Thankful for a change..
it’s been sort of a while since I have had any truly nice thoughts about my mom. Her being a drunk has made things hard for me to handle. Not because she pukes or gets crazy, but because it not only causes massive flare up in my dads bi polar anger, but she gets all emotional and extra sensitive and can’t handle the normal daily things that a 46 year old woman should be able to. She will get mouthy and talk back to my dad, which pisses him off and makes him get violent with her. He’s been an abuser and woman beater for years, and she used to know how to keep him calm (since divorce seems to be out of the question.)
But when she drinks she talks back to him and yells at him and instigates. It’s like she WANTS to get her hand broken or something. I don’t know why she doesn’t just cut it out. I remember one night we went to Hilander to grab a few groceries, and before I dropped her off at home (RIGHT IN MY CAR) she pulled out a bottle of vodka and started taking shots while I was driving her. I was like, uhm..hello OPEN BOTTLE IN THE CAR! She didn’t care and she just made the excuse dad wouldn’t let her have it once she got home so she had to sneak it now.
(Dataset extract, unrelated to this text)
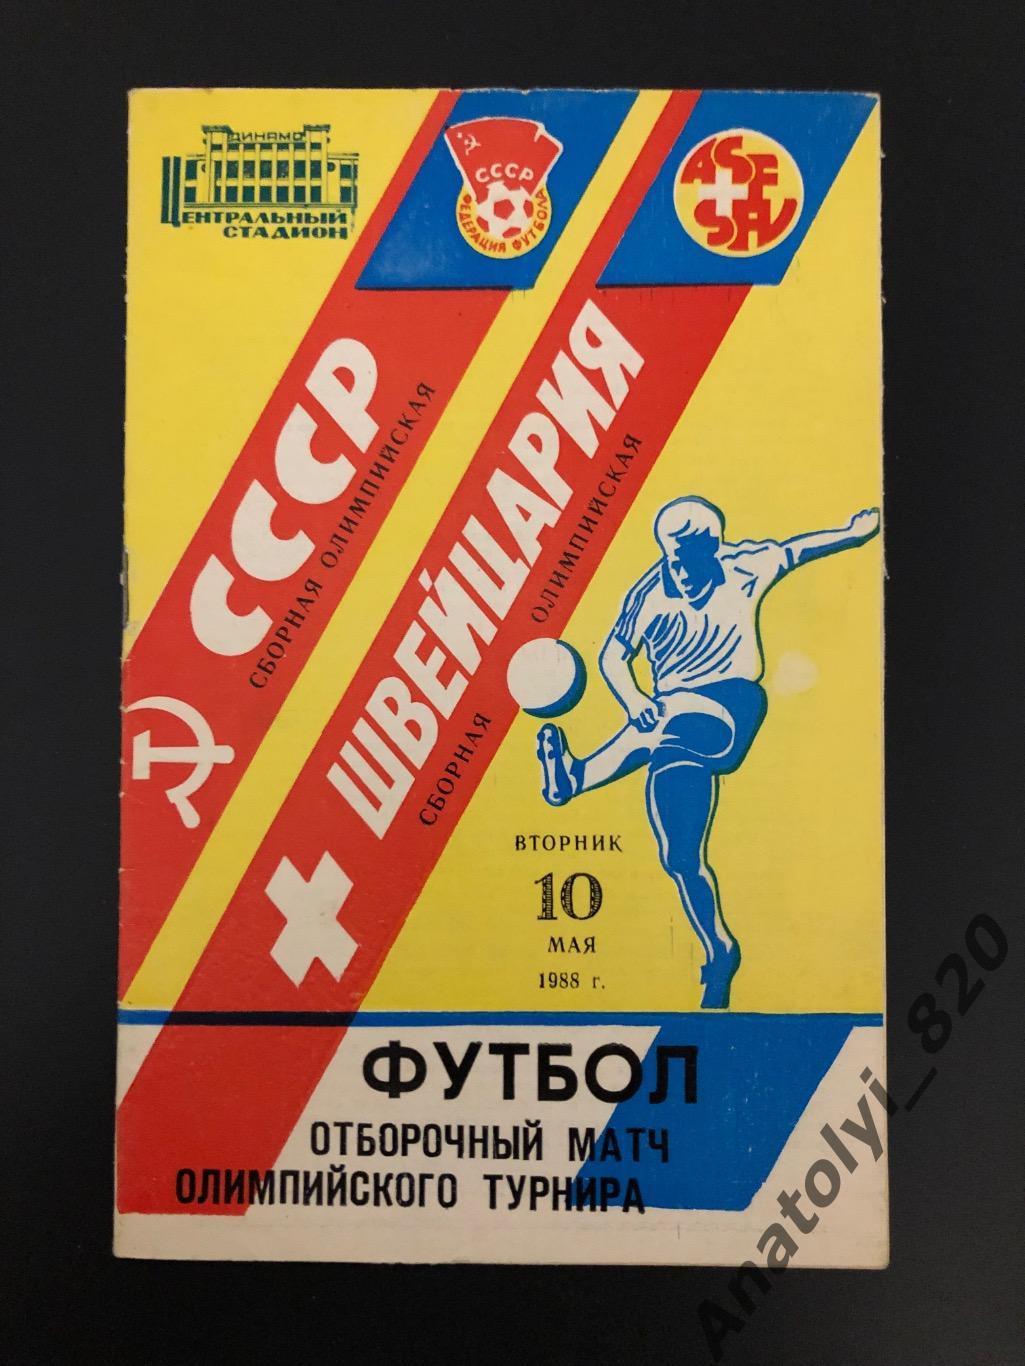 Сборная СССР - сборная Швейцарии, 10.05.1988

This is just one of the things that bothers me. You could make ME lose my license but who cares as long as you have had your liqour buzz.
I know that a lot went into this development, and it’s been years and years thats put her into this state, and I’m so mad at myself for never noticing. Being too busy with my own life to see that she had a problem, or to even understand that those emotional nights weren’t just because she was on the rag or something. I don’t know I guess I just feel like I failed as a daughter. Maybe we really do only see what we want to see in people.
I remember always thinking how much of a bad guy my dad is. But then I have done a lot of growing and while I know that his actions are totally wrong when it comes to physically acting out on someone when you are upset..and trust me, he’s hurt me plenty of times…but I know now why he did get so pushed. Sometimes my mom can literally make a person SO crazy they feel like hitting something. She doesn’t stop, and she’s repetetive, and she just makes you insane. I haven’t met anyone who can truly stand her at all times, and when she gets like she does, she makes people so uncomfortable they always find excuses to leave the situation/room.
My dad has two sides I have come to find. A very calm collected and respectable side, and his crazy I’m a bi polar asshole control freak side.
I like the first of the two, a lot. He actually has a great sense of humor, and he’s a lot of fun to be around when he just lets loose and can be comfortable with you. But it doesn’t take much to set him off so I do have to be careful what I say.
This is turning out really long. Oh well, it’s nice to talk about it.
I’ll have to write about my dad being known as the MAD CRAPPER in high school, but this just isn’t the right entry for that. Maybe next time. ha.
I’m thankful though, for my moms sober moments this week where she is helping me out A LOT by letting me do her ironing, laundry and other misc housework for about 100 bucks a week. It doesnt sound like much but right now I’m out of a job and need money so badly it hurts. I am expecting to go into labor any time now and Joe isn’t really working too steady through the temp service so the bills are severely behind. Hopefully we can get all caught up soon, but having my moms support really makes me remember what a good person she is on the inside, annoying or not. Some things you just have to put up with because you love someone, and also realize that they really are a product of their environment, and she’s been through hell and back…more times than anyone can imagine.
I am sorry but I will have to read this tomarrow.